Просить научить меня быть тварью можно было любого другого человека, только не бабу Олю. Она была настоящим ангелом, и просить ее научить меня быть жестокой, коварной и хитрой было бесполезно. От беспомощности я расплакалась.
Баба Оля обняла меня и прошептала:
– Королевы не плачут, девочка моя! Королевы правят!
С тех пор я никогда больше не плакала. Никогда.
Я не плакала в то воскресное жаркое утро, когда родители засобирались в лес на прогулку.
Я не плакала, когда небо потемнело от дыма и баба Ксеня вышла на крыльцо со словами:
– Торфяники горят. Окна, окна позакрывать надо!
Я не плакала, даже когда дедушка заметался по веранде и всё высматривал за калиткой родителей.
Я не плакала, когда по дороге побежали люди. Молодые и старые. С детишками на руках и криками:
– Лес горит! Лес горит! Огонь близко!
Я была спокойна, как королева перед вражеским войском у ворот своего замка:
– Деда, зови бабуль! Берите только деньги и документы! Надо спасаться.
Спаслась одна я. Родители погибли в лесу, не дойдя до дома двести метров. То, что от них осталось, трудно было бы опознать, если бы не любимая папина фляжка с гравировкой: «Дорогому декану от коллег на долгую память».

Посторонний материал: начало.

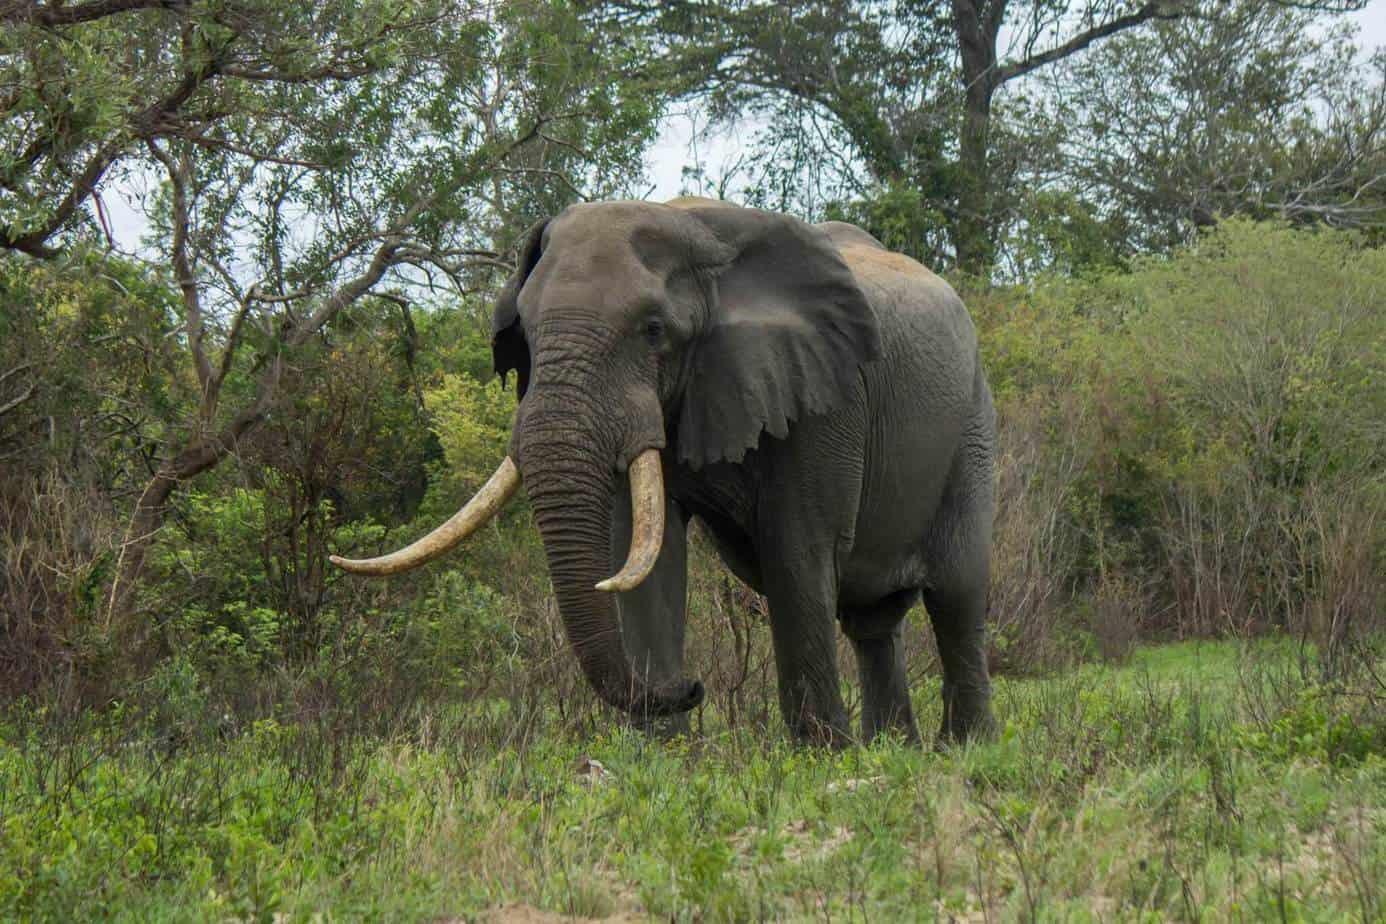 IMG 9542 - Tembe Elephant Park

Бабушки и дедушка остались на проселочной дороге. Сначала потеряла сознание баба Ксеня. Дедушка прогонял нас и кричал, что останется с женой. Он кричал, что бабушки должны спасать меня. Баба Нюра сняла с себя серебряный медальон и сказала:
– Дитю передашь. На память.
А баба Оля обняла меня и прошептала:
– Ты прости нас, внученька, мы сестру не бросим. Живи, милая, за нас! По-королевски живи! Беги!
Я побежала. И бежала до тех пор, пока оставались силы. Потом просто упала на обочину. Когда пришла в себя, сначала подумала, что умерла. Вокруг было ночное звездное небо. Я словно плыла по реке в узкой тесной лодке, и волны раскачивали меня, убаюкивая.
Оказалось, что я не в лодке, а в бортовом кузове грузовика лежу рядом с другими спасшимися людьми, которые смотрят на звезды и думают о смерти.
Я думала про жизнь. Про жизнь без своей семьи. И эта жизнь без семьи в моих мыслях мне совсем не нравилась. Тогда я решила, что семья моя на самом деле осталась целой и невредимой. Только все шестеро решили жить на небесах, ярко светить для меня в темноте и иногда подмигивать:
– Мы рядом! Мы рядом! Мы рядом!
Моей семьей стали шесть ярких звезд на черном небе. Каждая с родным для меня именем.
Одно имя даже с небес помогало мне привыкнуть к новой жизни на земле. Коллеги и друзья папы, отдавая дань его памяти, добились для меня права закончить свою школу – без перевода в интернат. Помогли вступить в права наследства. Родственники из-за рубежа наперебой предлагали проживание в своих домах и семьях. Я согласилась только на гостевые визиты во время каникул.
Финансово я была обеспечена наследством и защищена ежечасной заботой многочисленной родни. После окончания школы пришлось снова обращаться за помощью к коллегам папы для поступления в университет на факультет иностранных языков и для обучения экстерном. Ведь я уже свободно говорила на французском и английском. Диплом был мне необходим для дальнейшей работы. Два года пронеслись как один день. Я загружала себя учебой. Помимо основного обучения в универе, я самостоятельно изучала немецкий и психологию. Занялась спортом и старалась заполнить делами каждую свободную минуту, только чтобы не думать про одиночество.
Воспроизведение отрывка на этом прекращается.